Special Forces- Talks about how he is and thinks he is the best soldier
Green Beret- Proves he is the best by his actions.

Special Forces- Will be sympathetic when you have a personal problem
Green Beret- Calls you a pussy

Special Forces- When the bullets start flying the first action he takes is to call Command
Green Beret- When the bullets start flying the first action he takes is to shoot


Special Forces- Trains in hand to hand combat with an instructor 
Green Beret- Goes to a bar and picks a fight with the biggest guy.

And it goes on like this.

Obviously he considers himself a Green Beret and not SF.

I am asking if anybody else knows about the book or the author, because his hero’s “observations” sound a bit strange…even to an outsider.


----------



## 18C4V (Mar 10, 2008)

tigerstr said:


> Obviously he considers himself a Green Beret and not SF.
> 
> I am asking if anybody else knows about the book or the author, because his hero’s “observations” sound a bit strange…even to an outsider.




I myself don't use the term Green Beret but that's me.

Never heard of the book or author.  I got more important things to do like beat my medic in Halo 3.:)


----------



## Gypsy (Mar 10, 2008)

Not that I know every Special Forces Soldier out there, but I've yet to meet one that refers to himself by the name of a hat.


----------



## demo18c (Mar 10, 2008)

Gypsy said:


> Not that I know every Special Forces Soldier out there, but I've yet to meet one that refers to himself by the name of a hat.



Same,same


----------



## pardus (Mar 10, 2008)

On the surface he sounds like he's full of shit but WTF would I know...


----------



## Paddlefoot (Mar 10, 2008)

If I was going to mass market a fictional book about SF, regardless of my military background, I'd probably play up the Green Beanie moniker, even though I'm aware that it is rarely used by those serving in that branch.

Unless they're trying to nail some dame.
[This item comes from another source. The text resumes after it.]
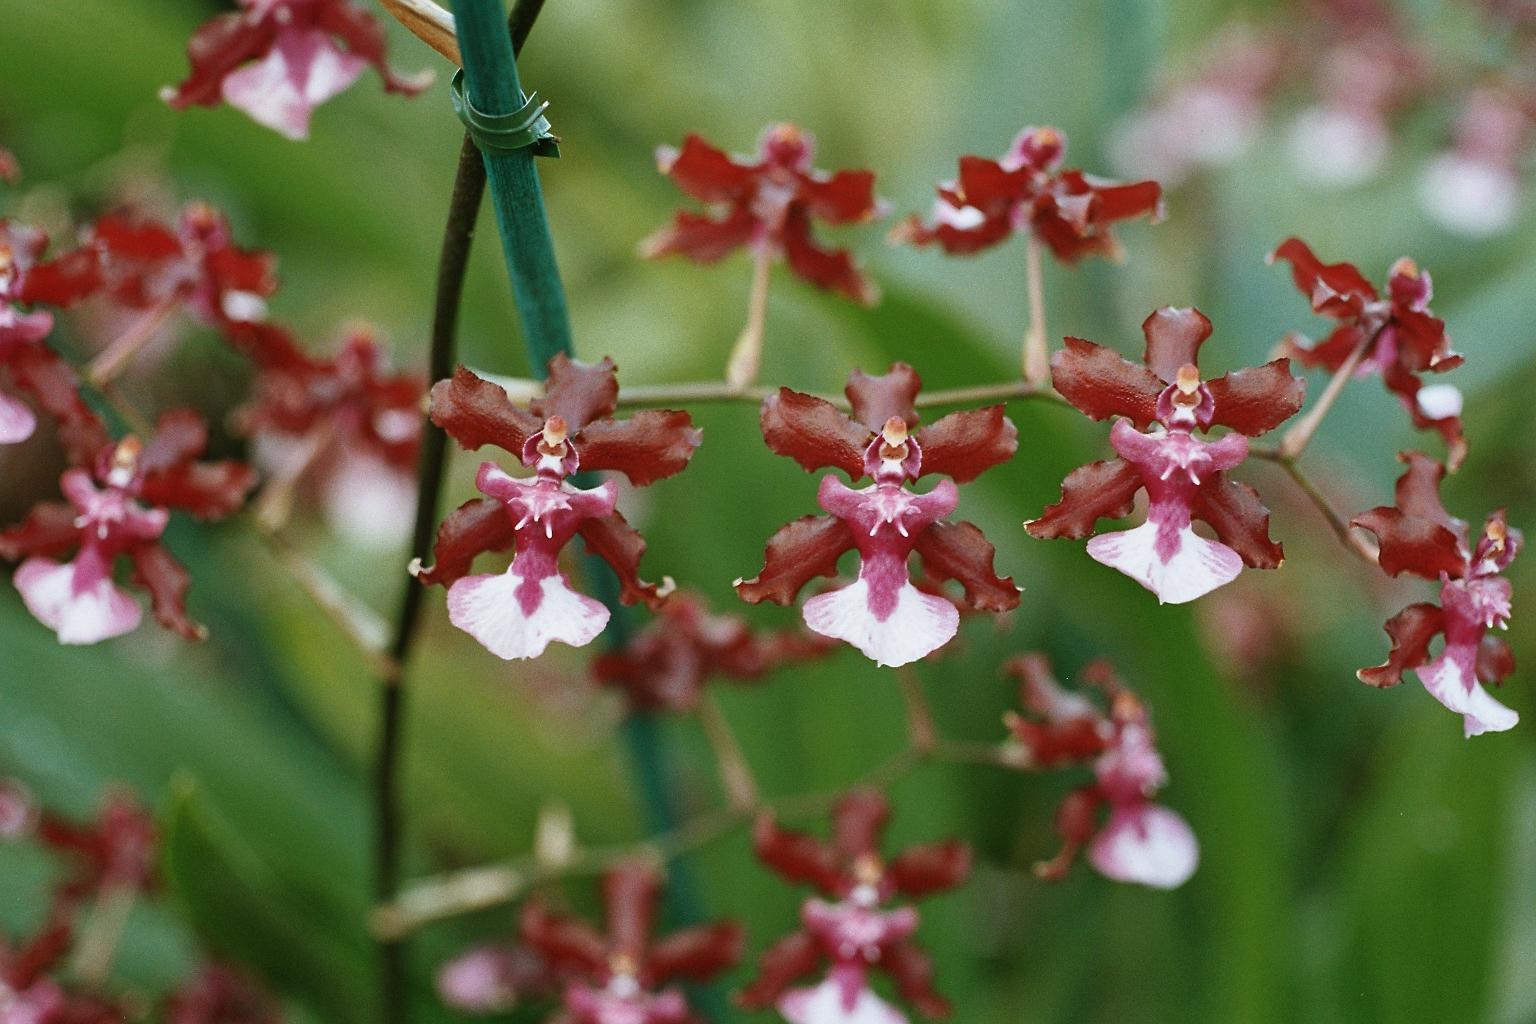 http://upload.wikimedia.org/wikipedia/commons/c/c5/A_and_B_Larsen_orchids_-_Oncidium_Sharry_Baby_1063-21.jpg

Of course, who uses the term "dame" any more, either.  ;)

One of the better fictional writers who incorporates SF into his work is Bob Mayer. I've enjoyed his stuff, even his more over the top _Synbat_, which I always thought would make a good Sci-Fi flick. I may be a little biased, as much of the novel plays out in Chicago. 

My favorite was _Cut Out_. Not too long, and things kept popping.

http://www.amazon.com/Cut-Out-Dave-...5084/ref=pd_sim_b_title_3/104-6546767-4478365


----------



## tigerstr (Mar 10, 2008)

Paddlefoot said:


> If I was going to mass market a fictional book about SF, regardless of my military background, I'd probably play up the Green Beanie moniker, even though I'm aware that it is rarely used by those serving in that branch.
> 
> Unless they're trying to nail some dame. Of course, who uses the term "dame" any more, either.  ;)
> 
> ...



Thanks for the reply and the link (already added it to my cart). 

Reason I am asking about this book and the author, is not that he uses the GB moniker (after all the late Robin Moore did so and helped the public learn about SF) but *the way *he uses it and the derogative way he uses the term *Special Forces *as a definition of certain members of the community, in contrast to the term Green Beret.


----------



## Paddlefoot (Mar 10, 2008)

Based on what the author wrote about his observations, it would appear he's unclear on the concept. It sounds as if he considers SF and Green Berets to be mutually exclusive.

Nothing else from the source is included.